2026-May: Institutional rejections expand and evidence consolidates. University of Texas at Austin formalizes ban on all third-party AI detection software, emphasizing course design over policing and citing student IP and instructor liability risks. Independent research (TokenMix, May 2026) documents detector brittleness: ZeroGPT achieves 79.5% accuracy with 23% false positive and 18% false negative rates; paraphrasing defeats detection trivially. Empirical comparison (Russell et al., May 2026) shows expert humans detect AI at 92.7% accuracy with 4% false positives, significantly outperforming commercial detectors on humanized text (Binoculars 6.7% true positive rate on o1-Pro). Analysis (ToHuman, May 2026) confirms detector category has plateaued since 2023 with no accuracy improvement; vendor claims (Turnitin 98%) diverge sharply from audited performance (4-50%+ false positive rates). University of Florida misconduct cases reached 66 in Spring 2025, up from zero in 2021-2023, with director acknowledging detectors carry 4% baseline false positive rate—creating fairness risk for any institution relying on tools for enforcement.
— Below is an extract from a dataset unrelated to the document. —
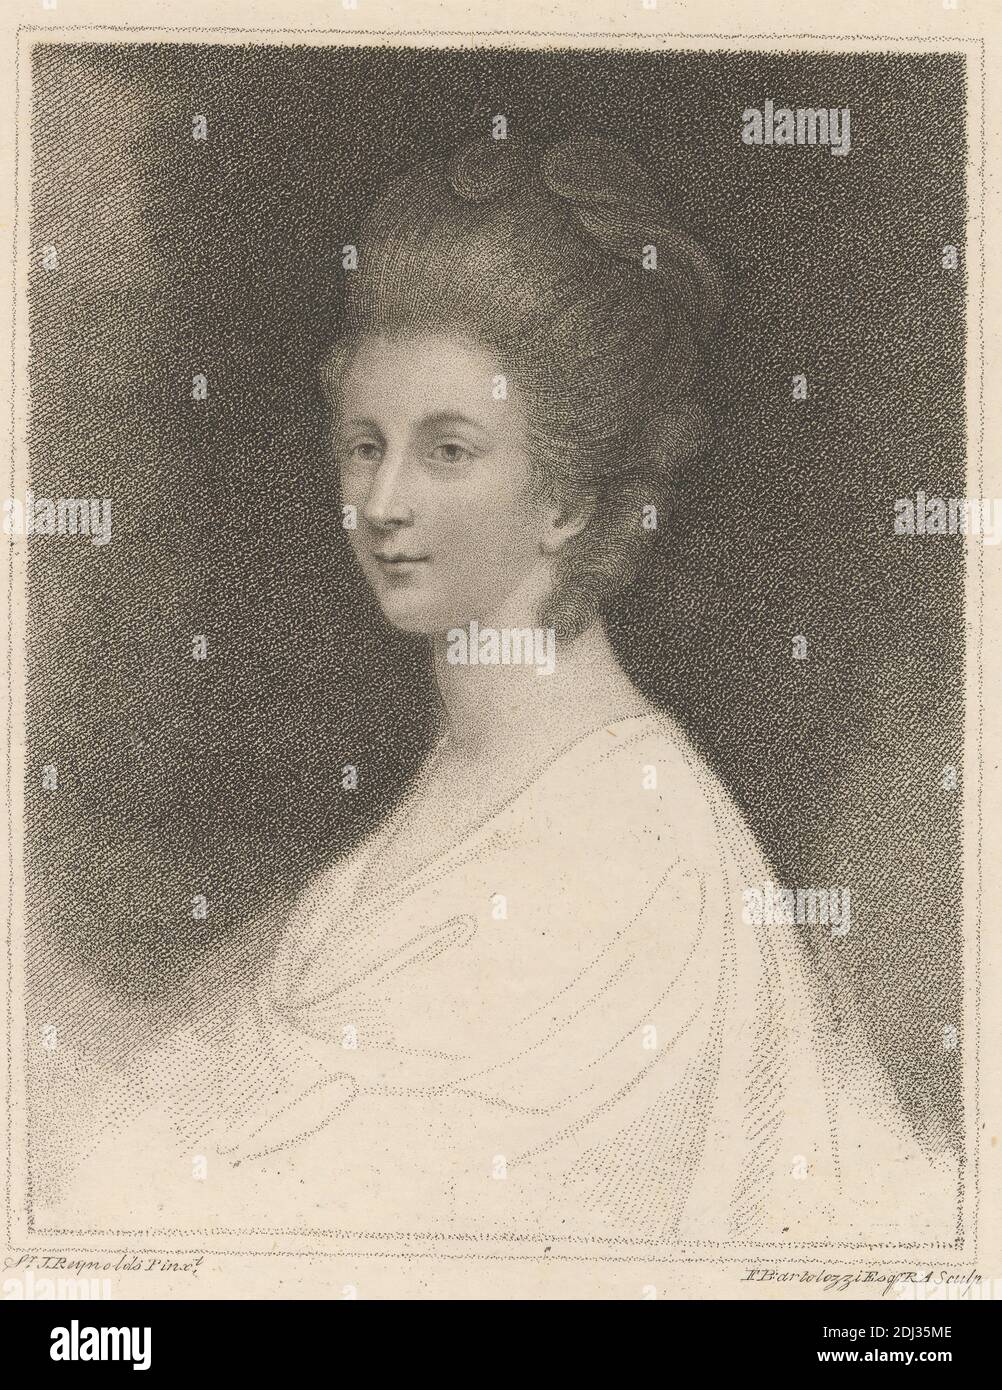 Mrs. Lenox, Print made by Francesco Bartolozzi RA, 1728–1815, Italian, active in Britain (1764–99), after Sir Joshua Reynolds RA, 1723–1792, British, Published by Edward Harding, 1755–1840, British, 1792, Etching and stipple engraving on medium, slightly textured, cream wove paper, Sheet: 7 1/2 x 5 7/16 inches (19 x 13.8 cm) and Image: 4 15/16 x 3 7/8 inches (12.5 x 9.9 cm), author, book, costume, curls, illustration, novel, novelist, portrait, woman, writer Stock Photo

News aggregation (Opus, April 2026) documents accelerating abandonment: Curtin, Vanderbilt, UCLA, UC San Diego, Cal State LA, Yale, Johns Hopkins, and Northwestern all discontinuing Turnitin AI detection in 2026, citing false positives disproportionately affecting non-native English speakers. Gartner survey (May 2026) shows universities allocating 18-24% of AI budgets to assessment/detection despite evidence; Turnitin processes 200M+ submissions annually. Market remains bifurcated: widespread deployment (68% institutional adoption) coexists with eroded confidence in detection as basis for high-stakes decisions.